If we don't do this, callbacks registered before fork will never actually fire after forking, and just hang forever.

We explicitly re-initialize the entire context (including re-initializing the mutexes and clearing out the list of callbacks), because:

If a thread in the parent was in the process of calling a callback when we fork, the mutex would otherwise be "stuck on"
I don't think we want to actually execute any pending callbacks from other threads in the child process, so clearing the list makes sense anyway.

Fixes: #1114

KJTsanaktsidis · 2024-08-16T03:19:10Z

:( I accidently pushed a few versions of this PR which hang forever, and github seems to be waiting for all the previous enqueued jobs to time out (after six hours by default! :o) before running the tests on the latest version of this PR. So I guess I'm going to have to wait till tomorrow to get the test results here.

If we don't do this, callbacks registered before fork will never actually fire after forking, and just hang forever.

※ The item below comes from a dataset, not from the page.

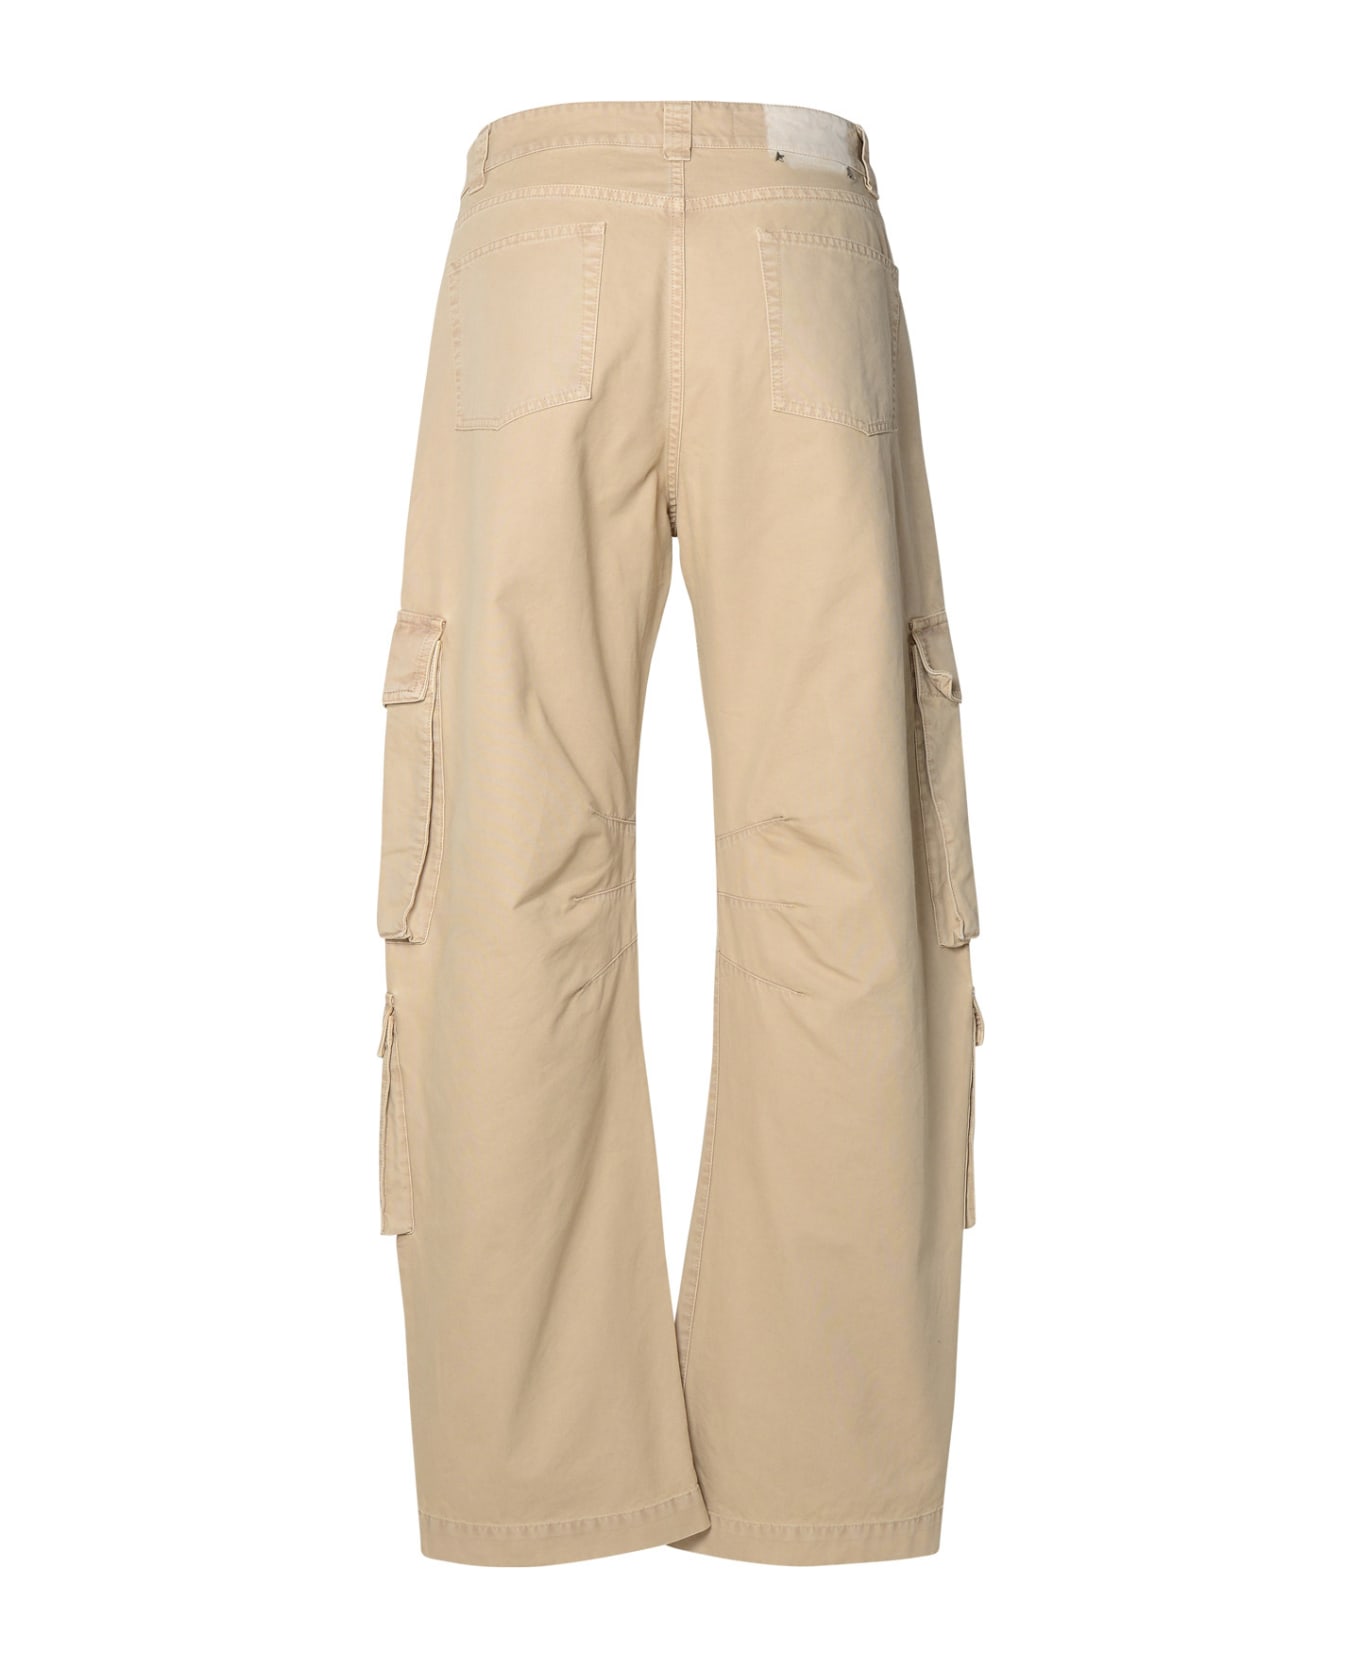 Golden Goose Beige Cotton Cargo Trousers - Trench Coat ボトムス

We explicitly re-initialize the entire context (including re-initializing the mutexes and clearing out the list of callbacks), because: * If a thread in the parent was in the process of calling a callback when we fork, the mutex would otherwise be "stuck on" * I don't think we _want_ to actually execute any pending callbacks from other threads in the child process, so clearing the list makes sense anyway.

larskanis · 2024-08-16T08:48:12Z

I canceled the CI jobs. Looks good now!

KJTsanaktsidis · 2024-08-16T09:11:21Z

Thanks! Looks like I ticked all the old rubies the right way, I think

ivoanjo · 2024-08-16T10:26:45Z

ext/ffi_c/Function.c

+        /* n.b. we _used_ to try and destroy the mutex/cond before initializing here,
+         * but it's undefined what happens if you try and destory an unitialized cond.
+         * glibc in particular seems to wait for any concurrent waiters to finish before
+         * destroying a condvar, trying to destroy a condvar after fork that someone was
+         * waiting on pre-fork won't work. Just re-init he memory directly. */
+        pthread_mutex_init(&ctx->async_cb_mutex, NULL);
+        pthread_cond_init(&ctx->async_cb_cond, NULL);


Minor: I wonder if, given the comment, it would be cleaner to use

ctx->async_cb_mutex = PTHREAD_MUTEX_INITIALIZER; ctx->async_cb_cond = PTHREAD_COND_INITIALIZER;

I guess they're equivalent, yeah. I can change this if we prefer.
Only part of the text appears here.